欧州の6、7位レベルと売上高で肩を並べ、世界トップクラスの観客動員数を記録するなど、“北米最強リーグ”として君臨するリーガMX。中南米勢をはじめ各国の有力選手が集うメキシコサッカー界、その活況のワケを探った。


人気があり、それなりにレベルも高く、選手は大金を稼げて、クラブや協賛企業にも多くのビジネスチャンスがある。現在のメキシコサッカー界は理想的な環境を作り出している。
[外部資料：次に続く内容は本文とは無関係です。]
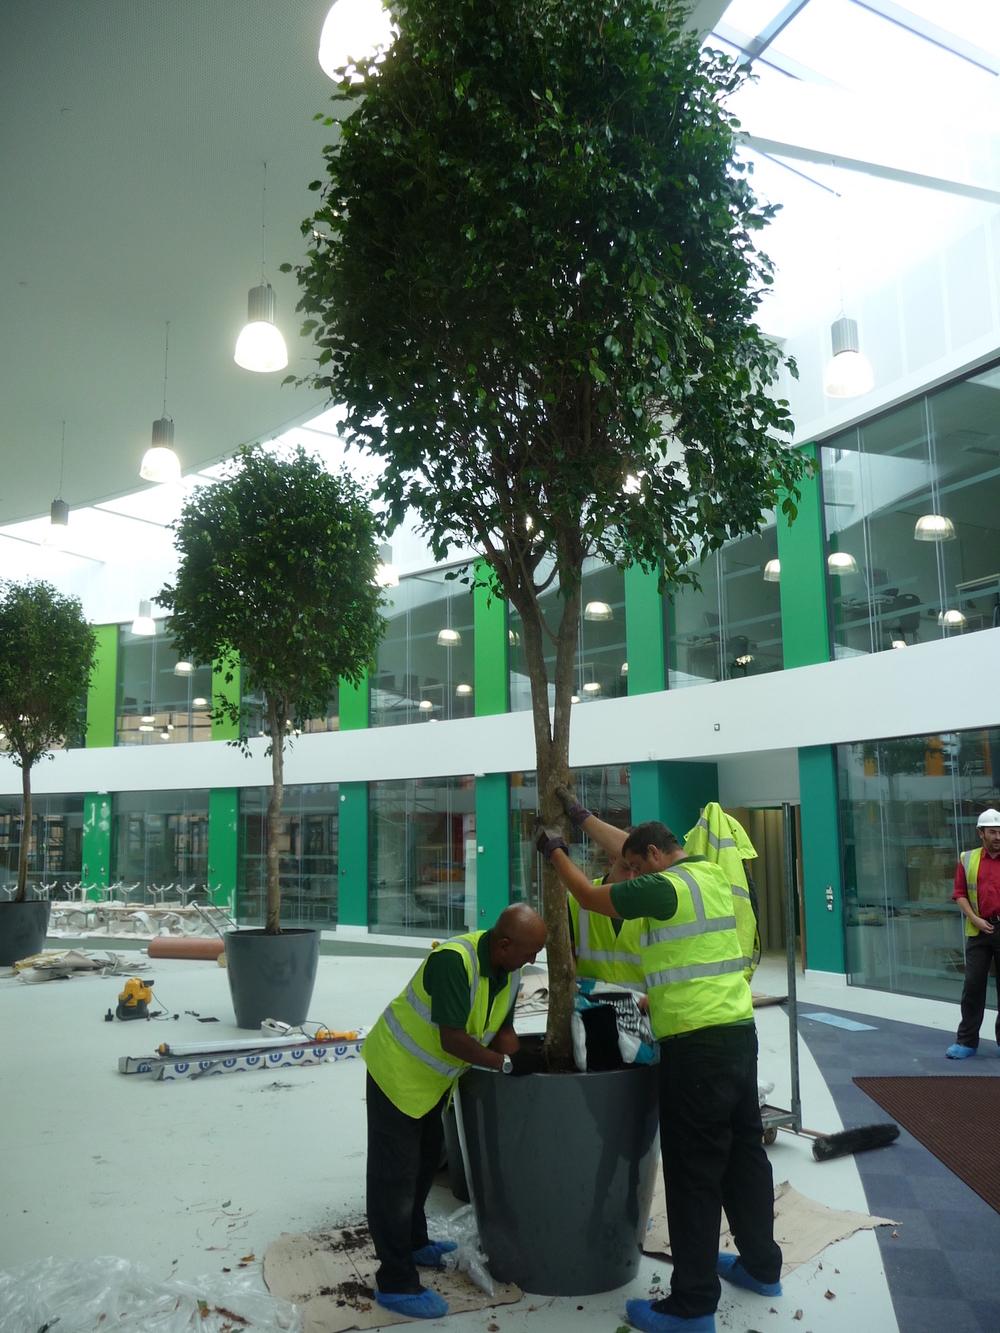 nailsea-school-plantcare-interior-plants-trees-bristol-cardiff-image-5

これだけの成功を収められている理由は、いったいどこにあるのだろうか。

親会社がデカい、スポンサー数が凄い

まず、サッカーが国民的スポーツであるという点が大前提としてある。メキシコでは野球やボクシング、ルチャ・リブレ(メキシカンプロレス)、モータースポーツなども人気だが、サッカーには及ばない。テレビや新聞、雑誌など、各メディアへの露出度を見ればそれは明らかだ。
そして、各クラブは国内の有力企業が経営母体となっている。例えばクラブ・アメリカを経営する『テレビサ』は、ラテンアメリカ地域最大手のテレビ局。あまり知られていないことだが、メキシコサッカー界の“聖地”であるエスタディオ・アステカも同社の所有物だ。その十分なバックアップを受け、潤沢な資金を有するクラブは、ライバル勢から有力選手を引き抜く手法でチームを強化し、数多くのタイトルを獲得。そのバックボーンやチームの在り方から、日本では読売ジャイアンツとも比較される。親会社からの手厚いサポートにより、他球団からFA選手を高額年俸で引き抜く巨人軍の様子を見れば、クラブ・アメリカがどんなクラブなのかイメージしやすいはずだ。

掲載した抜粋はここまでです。